YOUR ASSIGNMENT:
Repeat the records below exactly from the line containing "KushyShoo Girl Rain" to the line containing "IsraAID volunteers distributed", taking in both of those lines. Drop the pictures.

ENTRIES PROVIDED:
===============

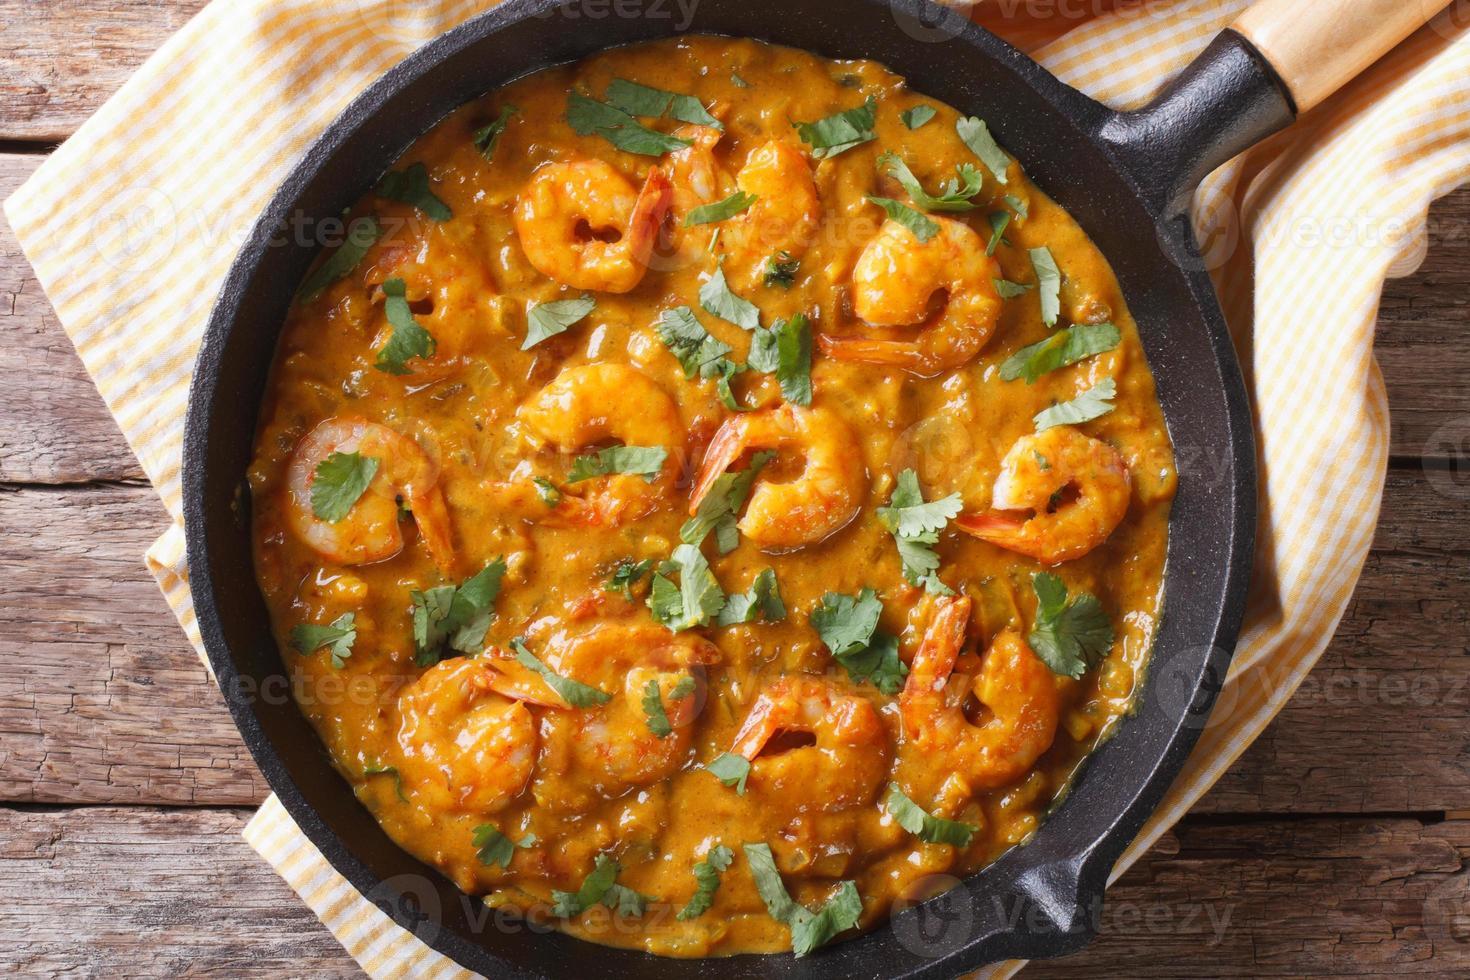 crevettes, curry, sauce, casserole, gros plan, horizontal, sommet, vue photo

===============

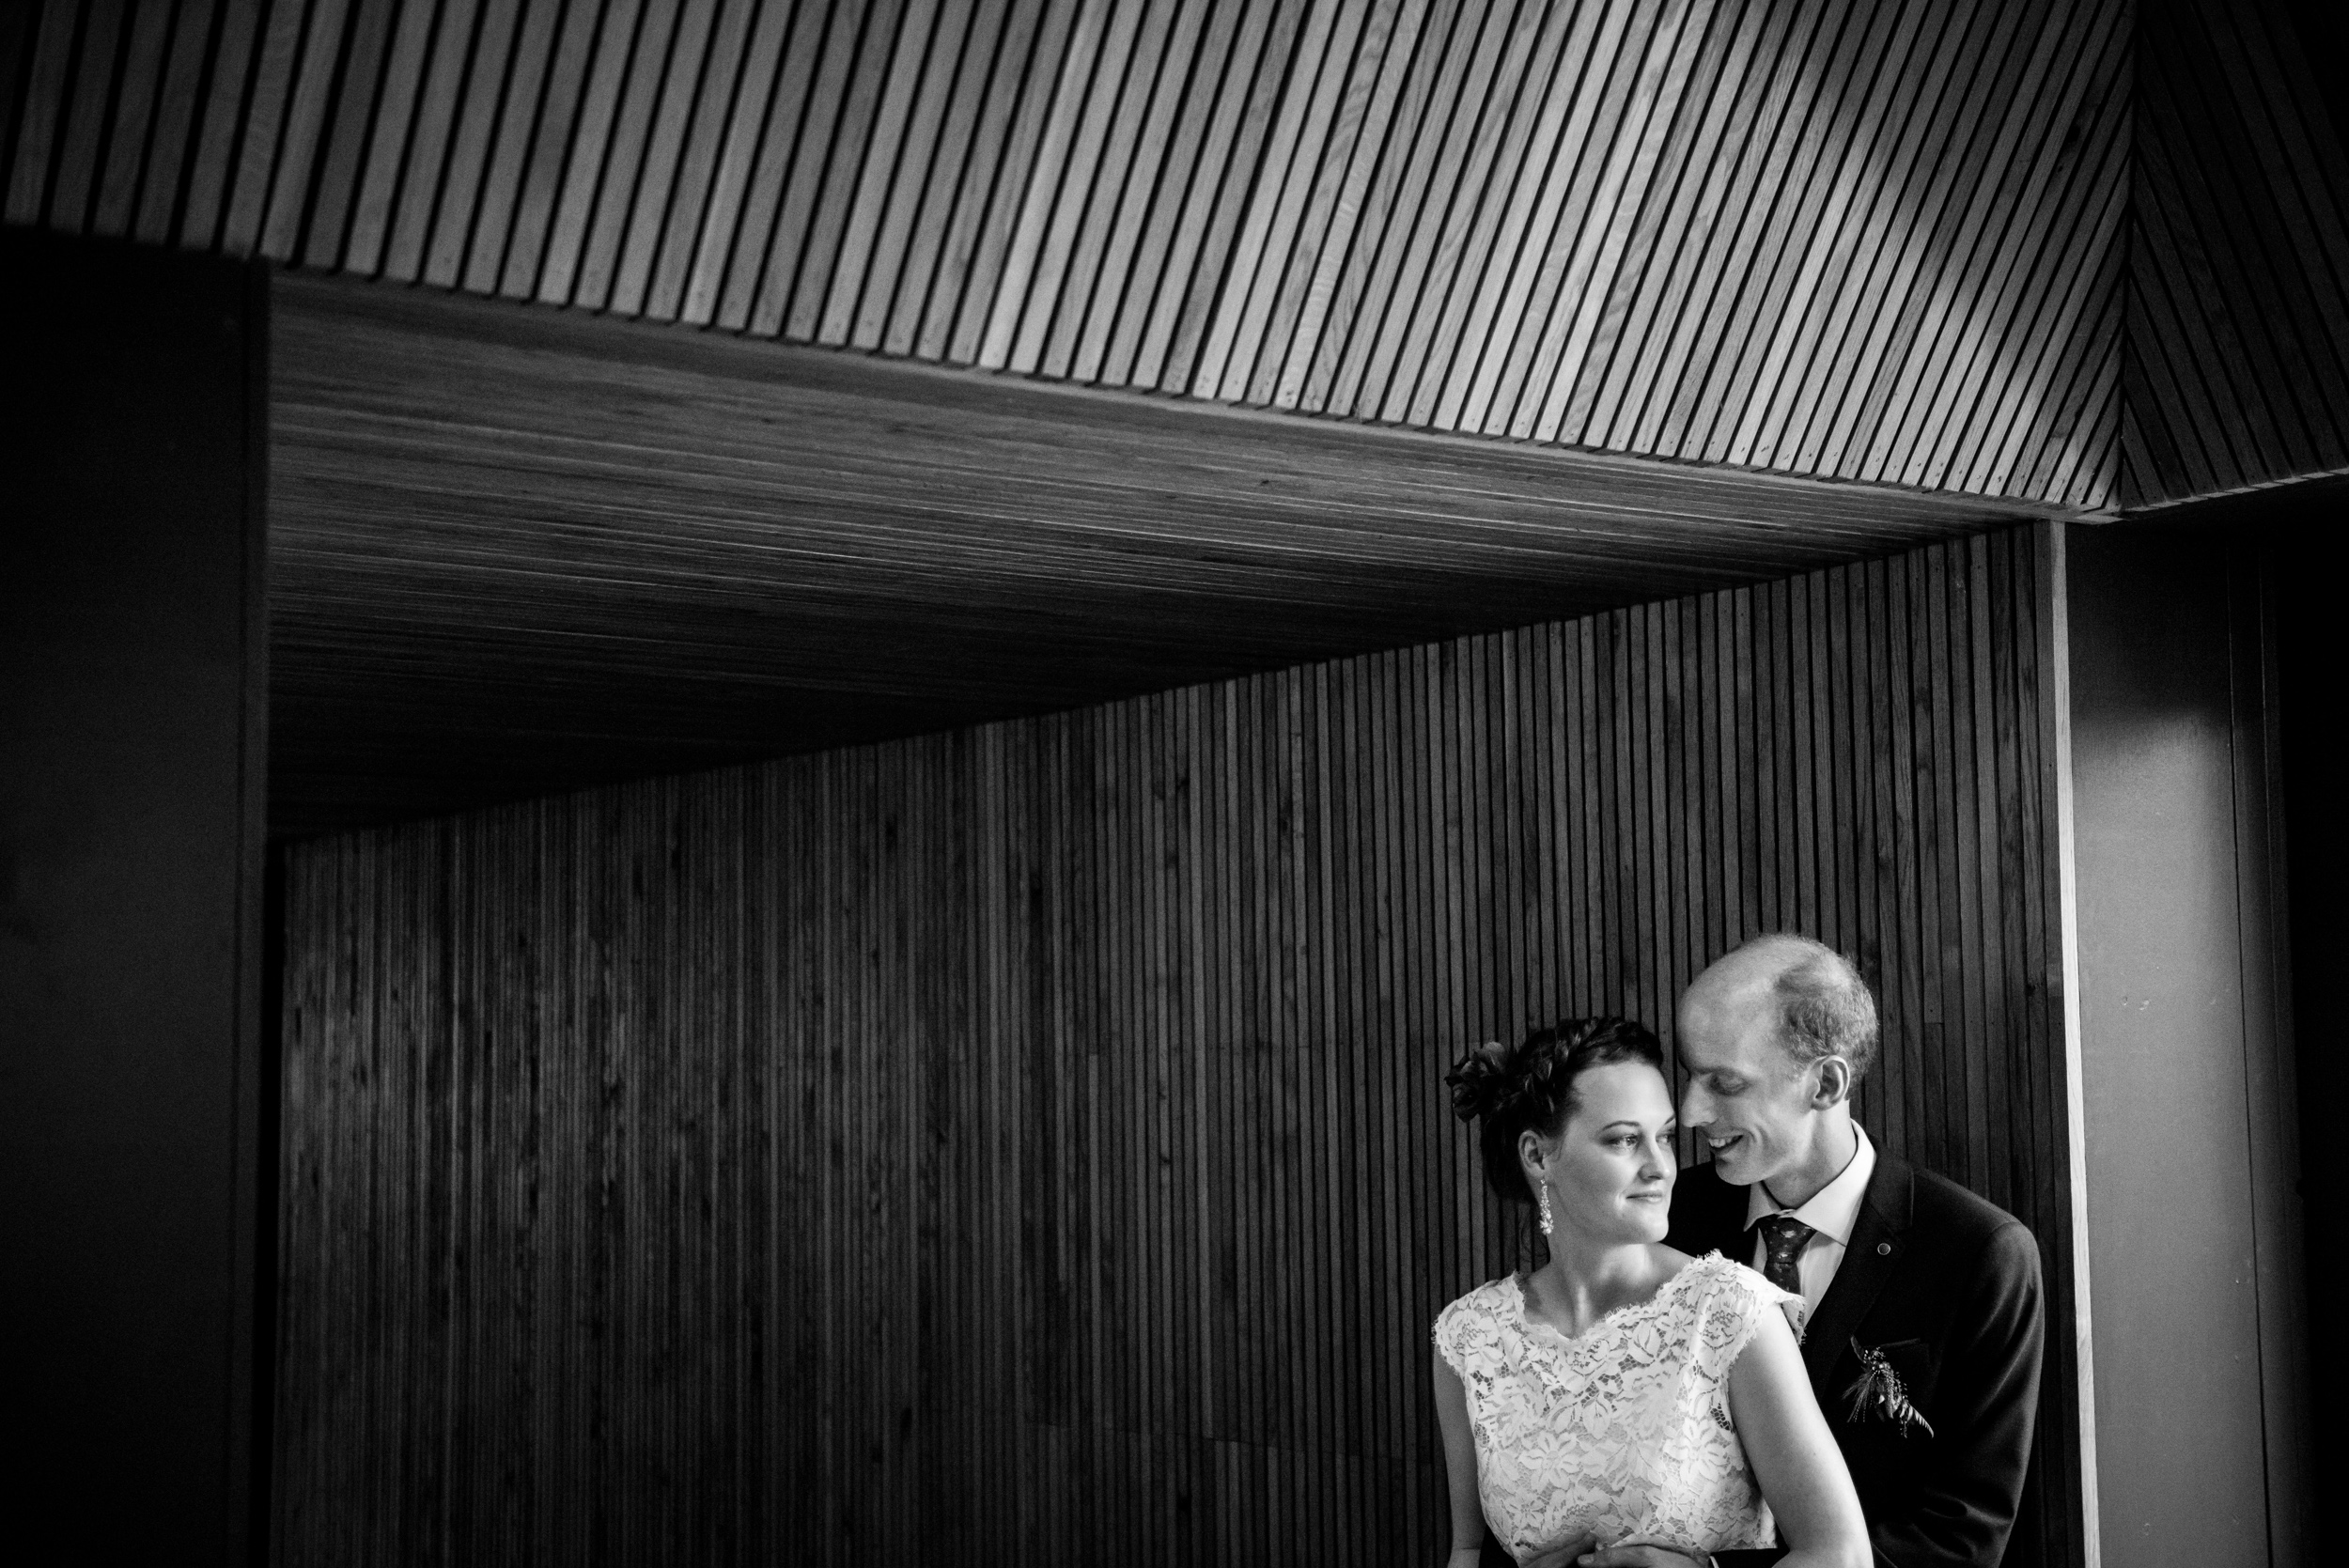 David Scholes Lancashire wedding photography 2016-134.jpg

===============

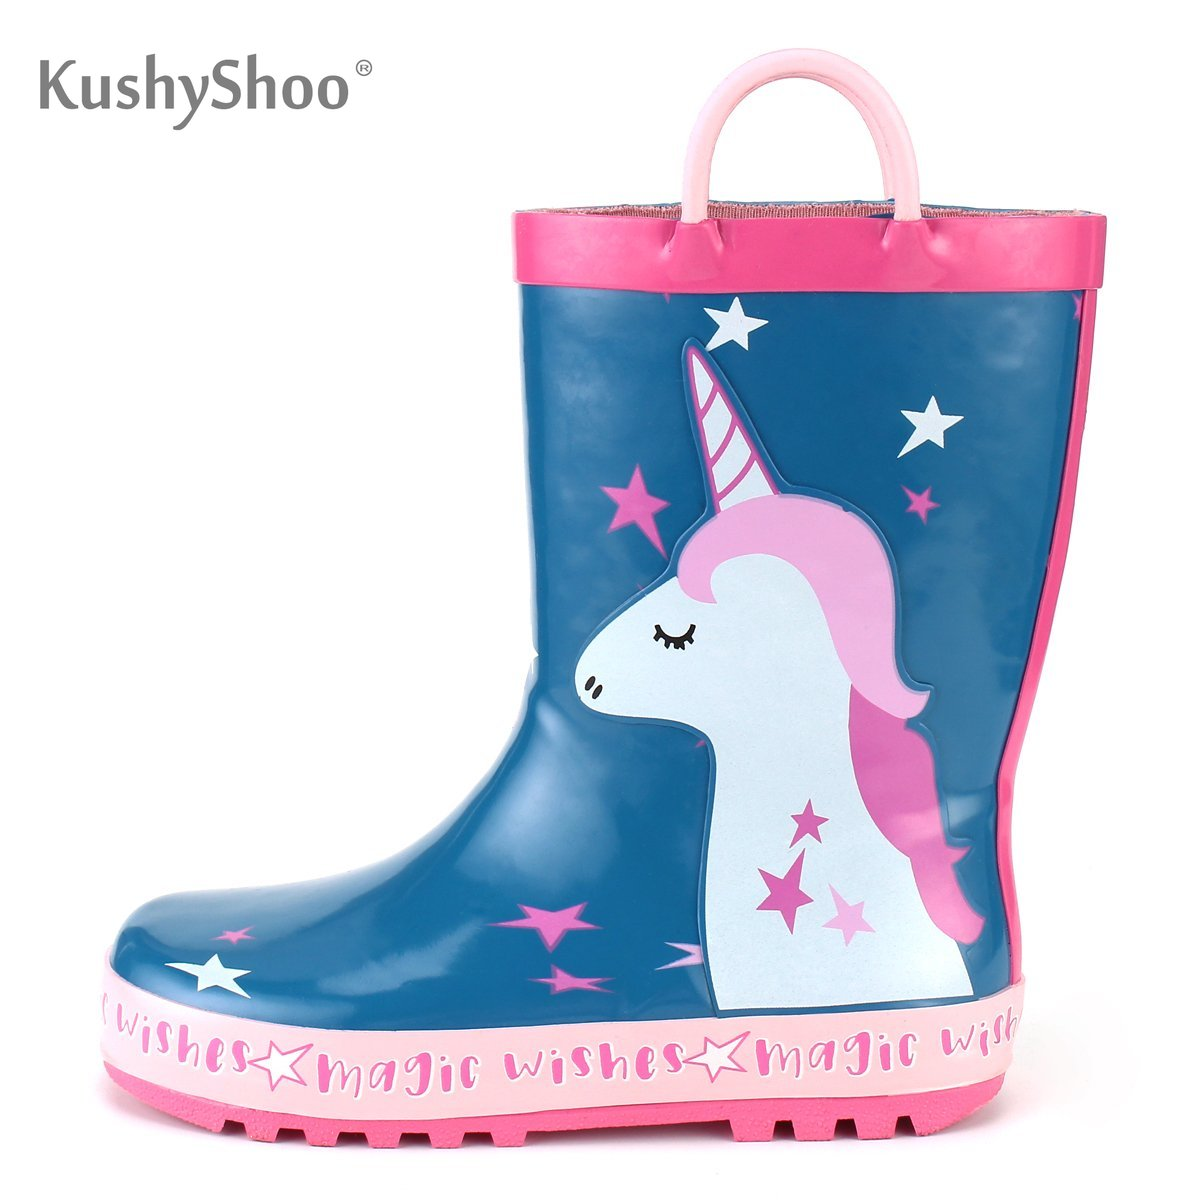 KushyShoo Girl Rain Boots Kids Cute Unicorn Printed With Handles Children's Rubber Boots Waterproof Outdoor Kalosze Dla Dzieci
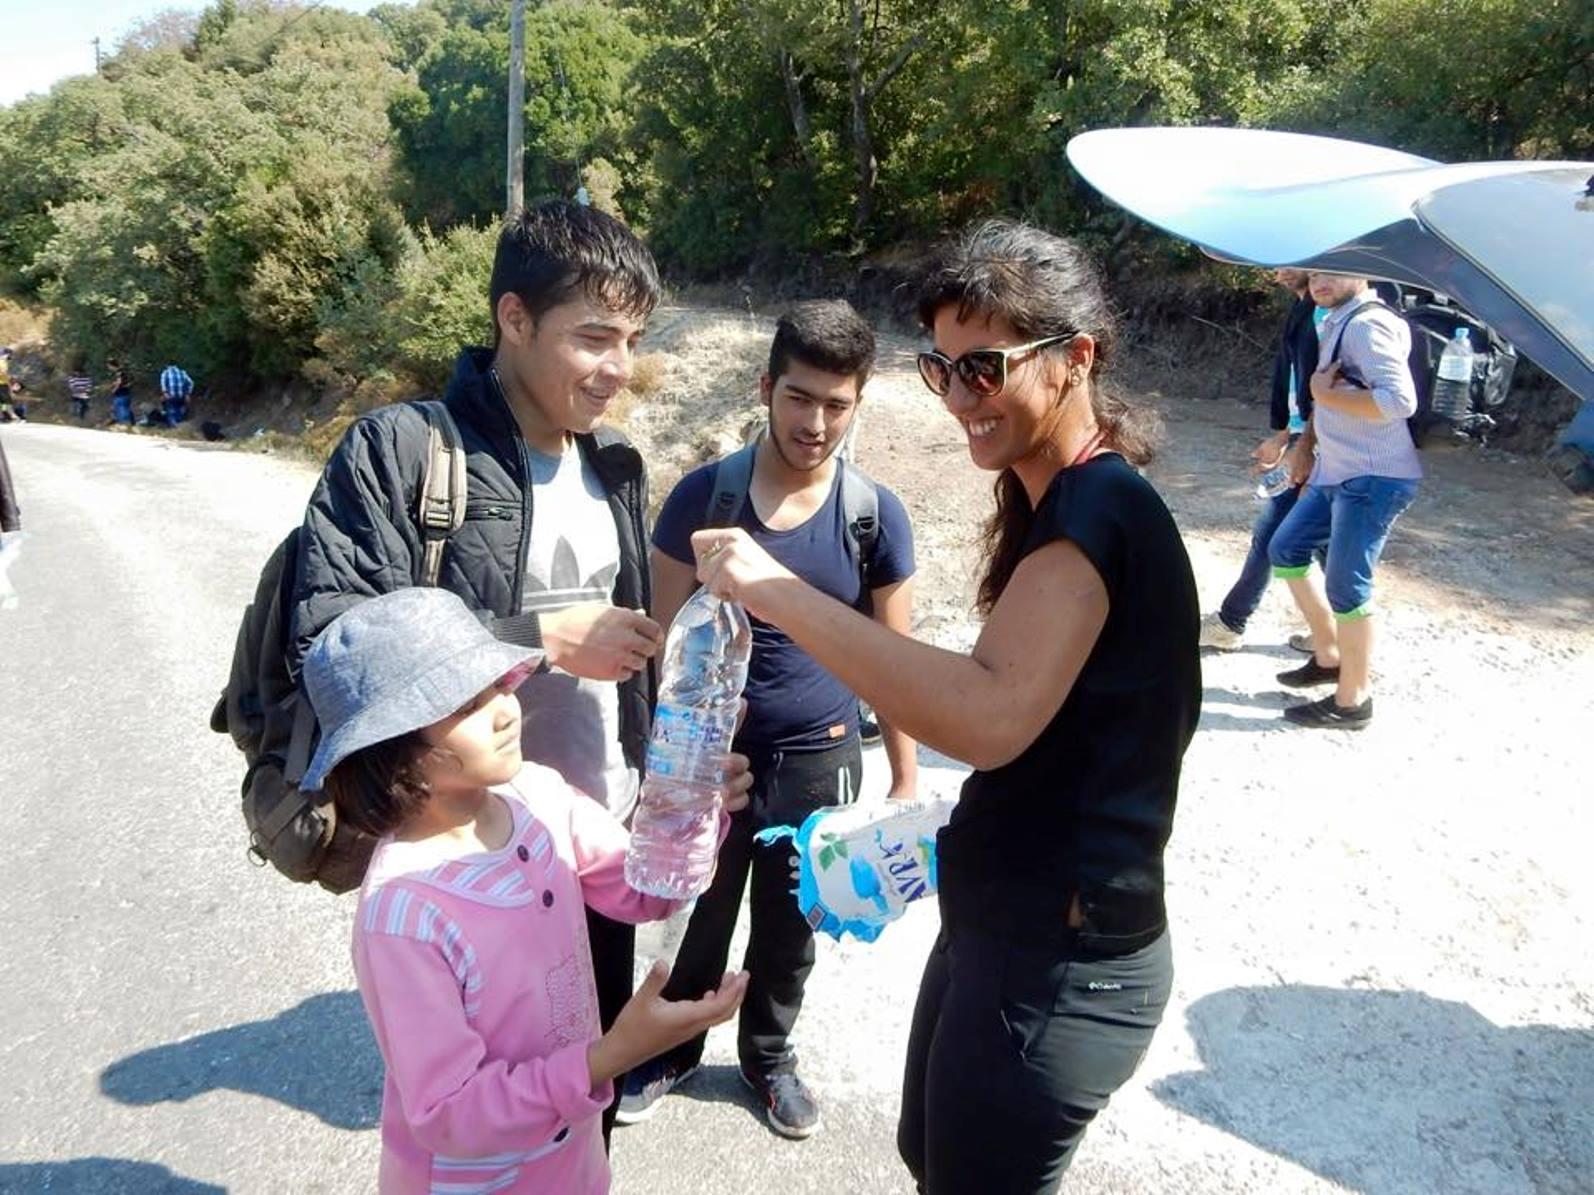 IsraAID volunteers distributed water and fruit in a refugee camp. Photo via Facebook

===============

RESPONSE FOR THIS EXERCISE:
 KushyShoo Girl Rain Boots Kids Cute Unicorn Printed With Handles Children's Rubber Boots Waterproof Outdoor Kalosze Dla Dzieci
 IsraAID volunteers distributed water and fruit in a refugee camp. Photo via Facebook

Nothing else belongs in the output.